We'd nationalized Fannie Mae and Freddy Mac and their top executives are still pulling in $6,000,000 a year apiece. Nationalizing and regulating Too Big to Fail/Jail corporations is not a death knell or creeping Socialism as right wing nut jobs would have you believe. At best, breaking up criminal enterprises such as Goldman Sachs, Citigroup and JP Morgan Chase will only retard their growth until they can find more sleazy loopholes in the antitrust laws.
But it would be a step in the right direction.
4 Comments:
Not sure why I'm reminded of this, but: In 1977, William Devane starred in "Rolling Thunder" as a former Vietnam-era naval aviator who had been shot down and held prisoner in Hanoi.
Back in his hometown, Bad People create some, uh, unpleasantness, and Devane's character is very unpleasant in return -- kind of a "Don't ever fuck with the crazy man" film.
At some point Devane is asked how he survived being tortured by the North Vietnamese, and says simply, "You learn to love the rope".

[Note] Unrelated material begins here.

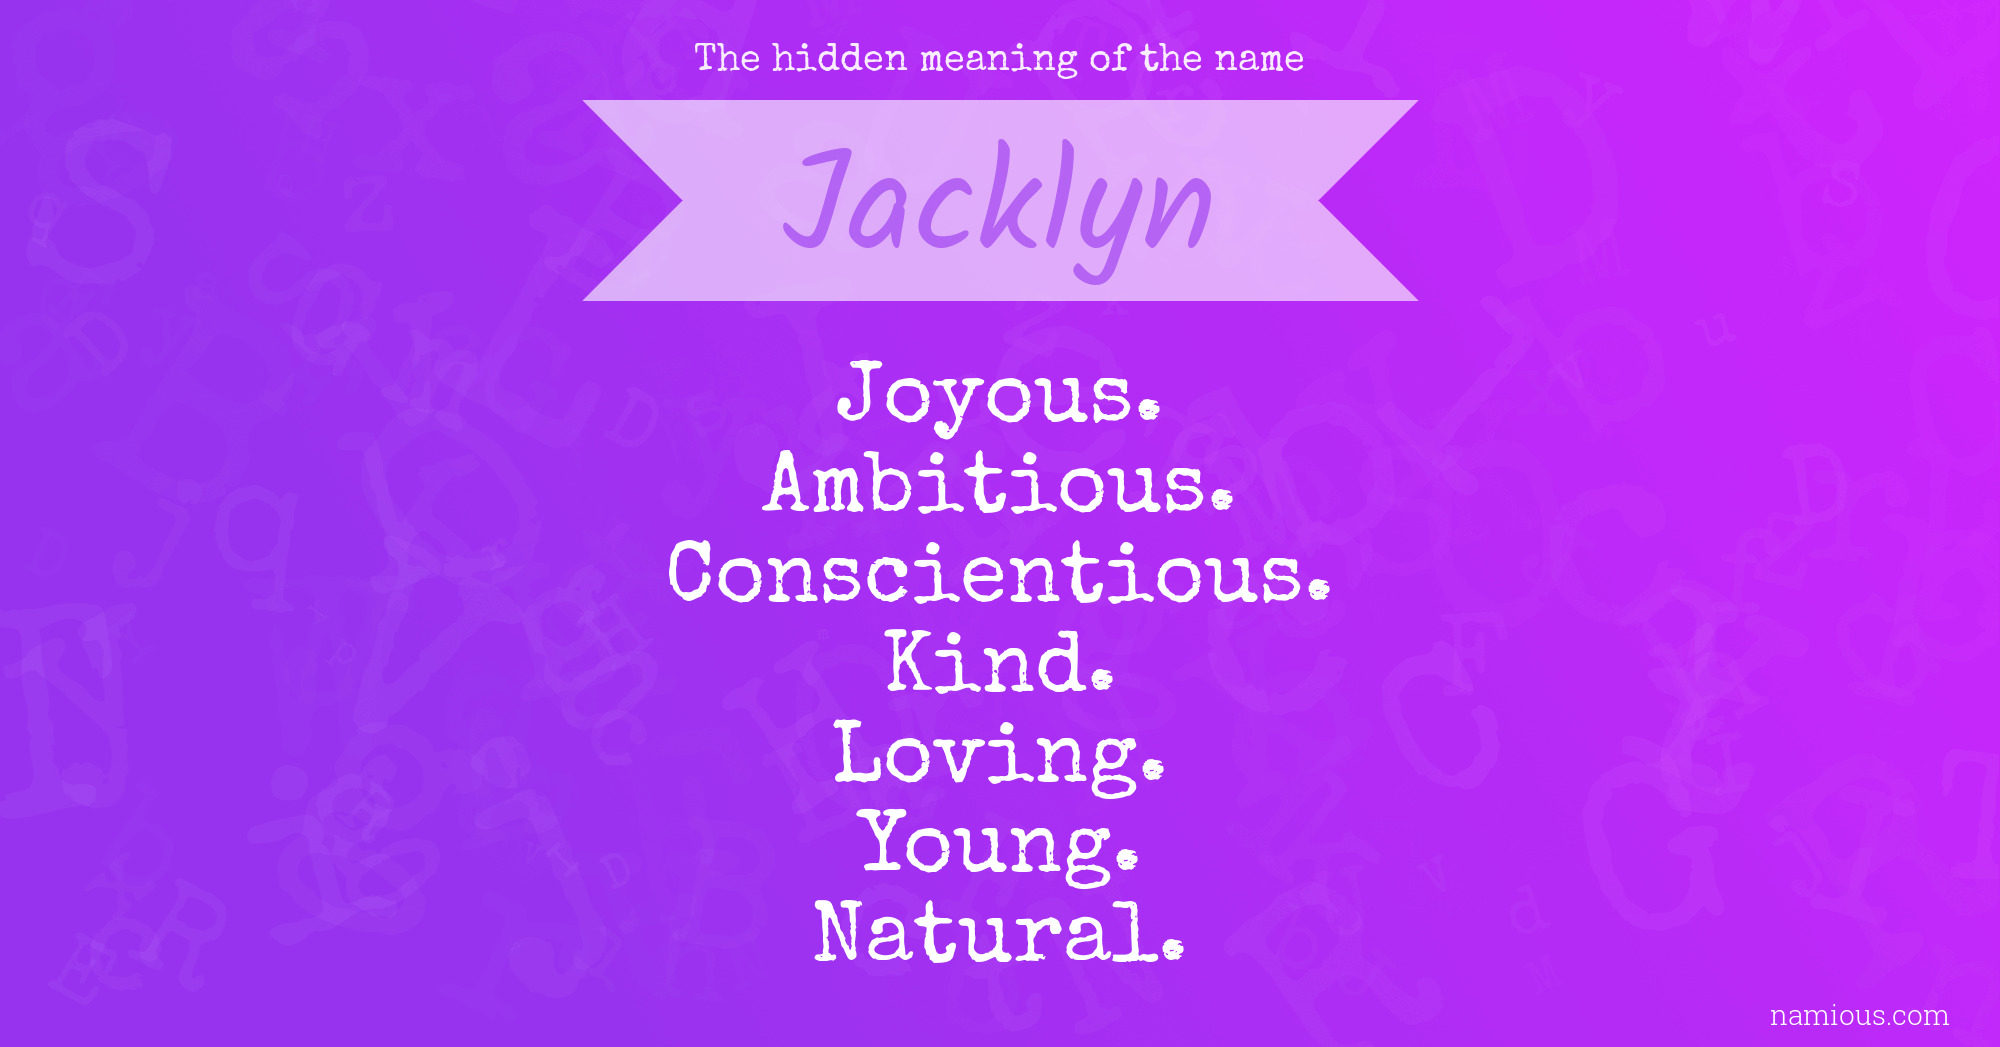 The hidden meaning of the name Jacklyn

Coping strategies for the New Century.
"when a corrupt piece of shit like Chuck Grassley is asking you point blank why you didn't file criminal charges against British banking giant HSBC on money laundering charges, even if it's only in the interests of political kabuki, then you know this country has gone to the dogs..."
What is happening here?
A Republican is demanding a Democrat do something about brazen crimes committed by banks.

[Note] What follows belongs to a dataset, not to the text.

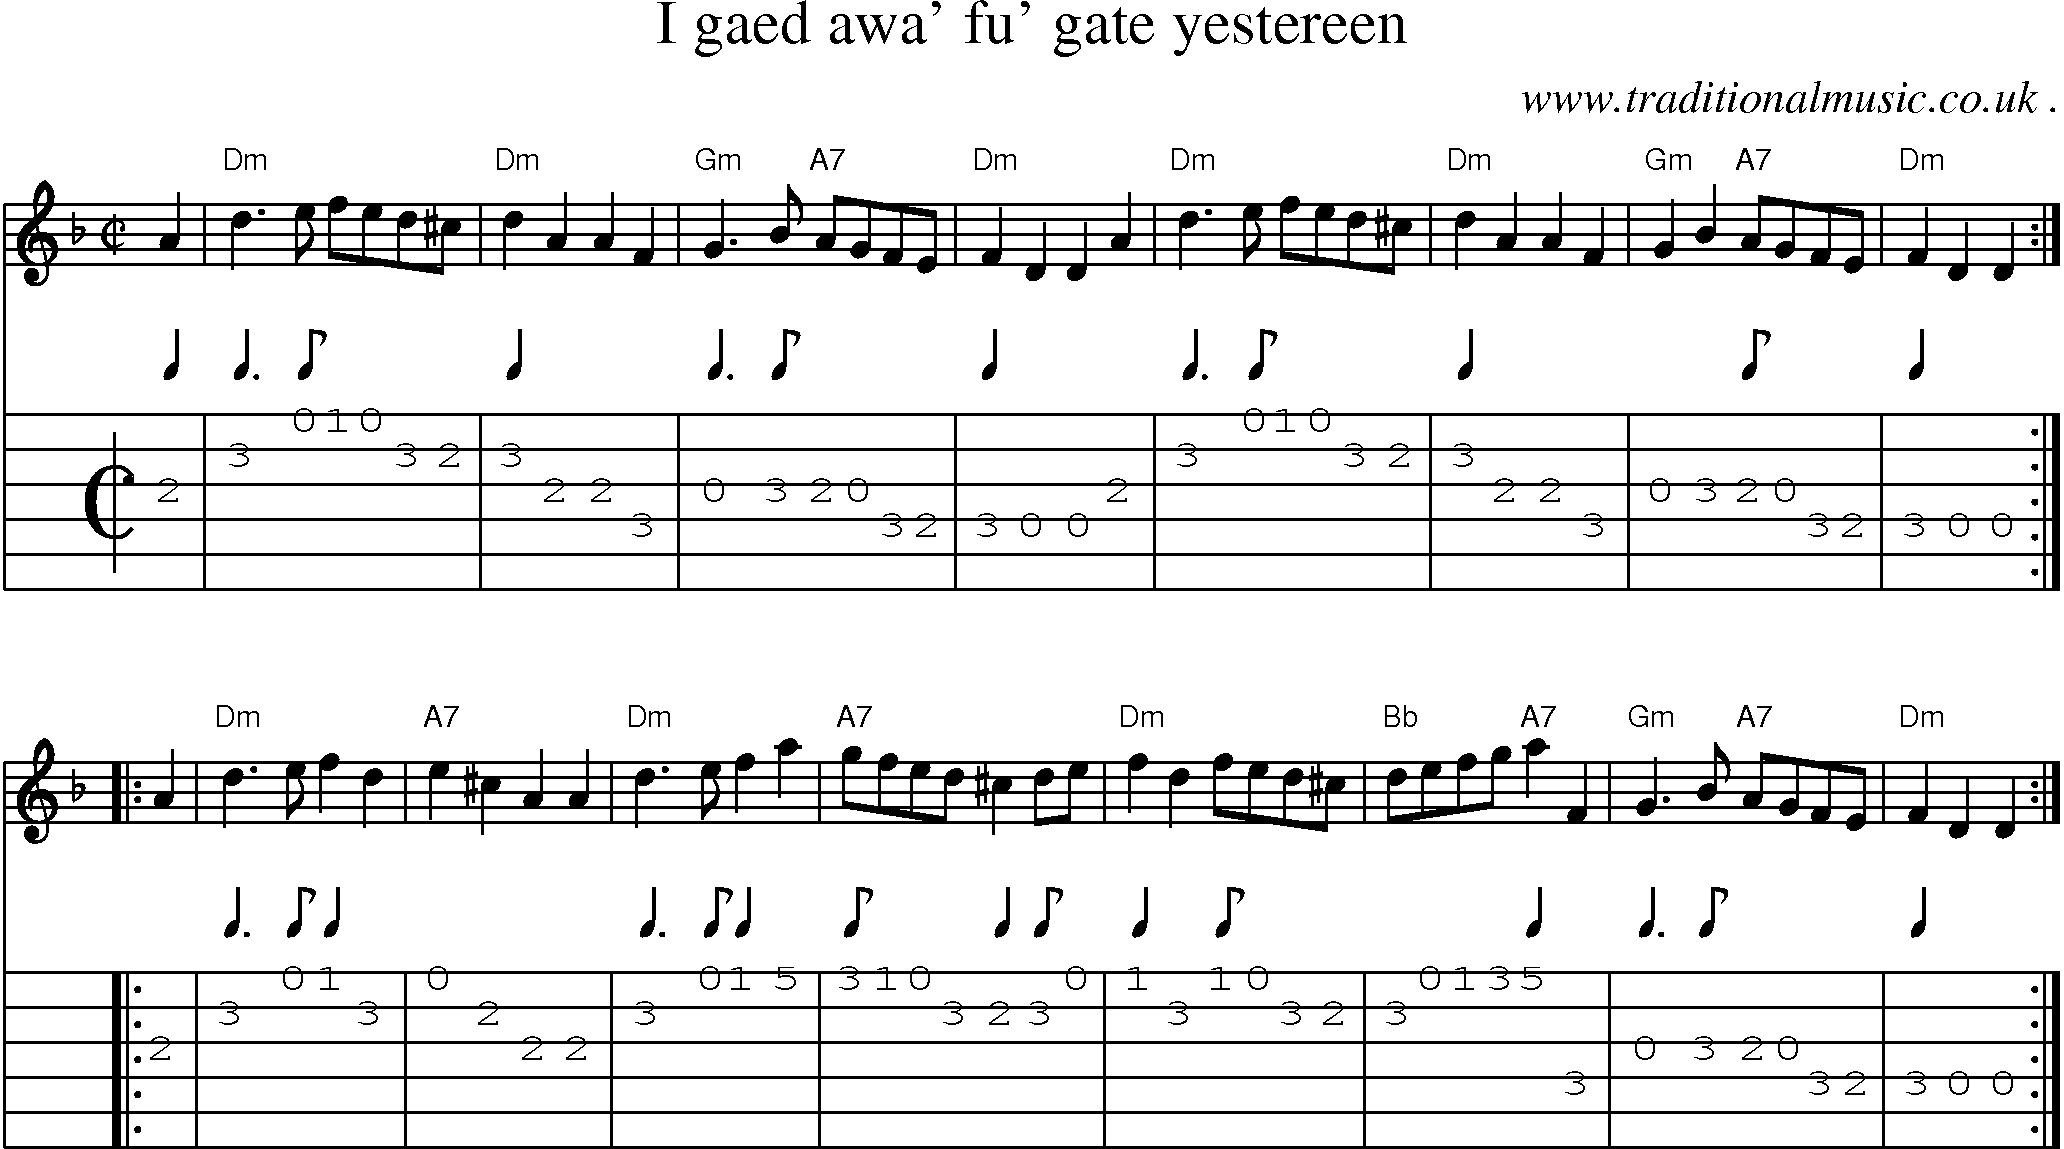 Sheet-music  score, Chords and Guitar Tabs for I Gaed Awa Fu Gate Yestereen

Another Republican - far-right-crazy crackpot - stages an old-fashioned filibuster to protest a Democratic President's illegal international murders via unmanned planes.
Yet more Republicans demand the state of Kentucky be allowed to revive it's hemp industry and it's the handful of Democrats that are blocking it!
America has moved so far to the right that the far-right crazies are emerging on the left side of the spectrum and the Democrats are now defending the mainstream Republican position. EG: Grassley and Warren are on the same page!
"America has moved so far to the right that the far-right crazies are emerging on the left side of the spectrum..."
It's what I privately call the political merry-go-round.
"In 1977, William Devane starred in "Rolling Thunder""
I was just thinking about that picture a couple days ago. They showed that to me in film school and the guy that shot Blade Runner also did that one.
He did one scene with two practical bulbs, it led to gorgeous deep blacks in the shadows. But every so often would be a shot that was grey and grainy and looked horrible. My teacher told us that the studio execs weren't happy with his contrasty lighting and secretly told the film lab to push one roll of film from that scene.
Just goes to show what happens when the bankers meddle with art: they ruin everything.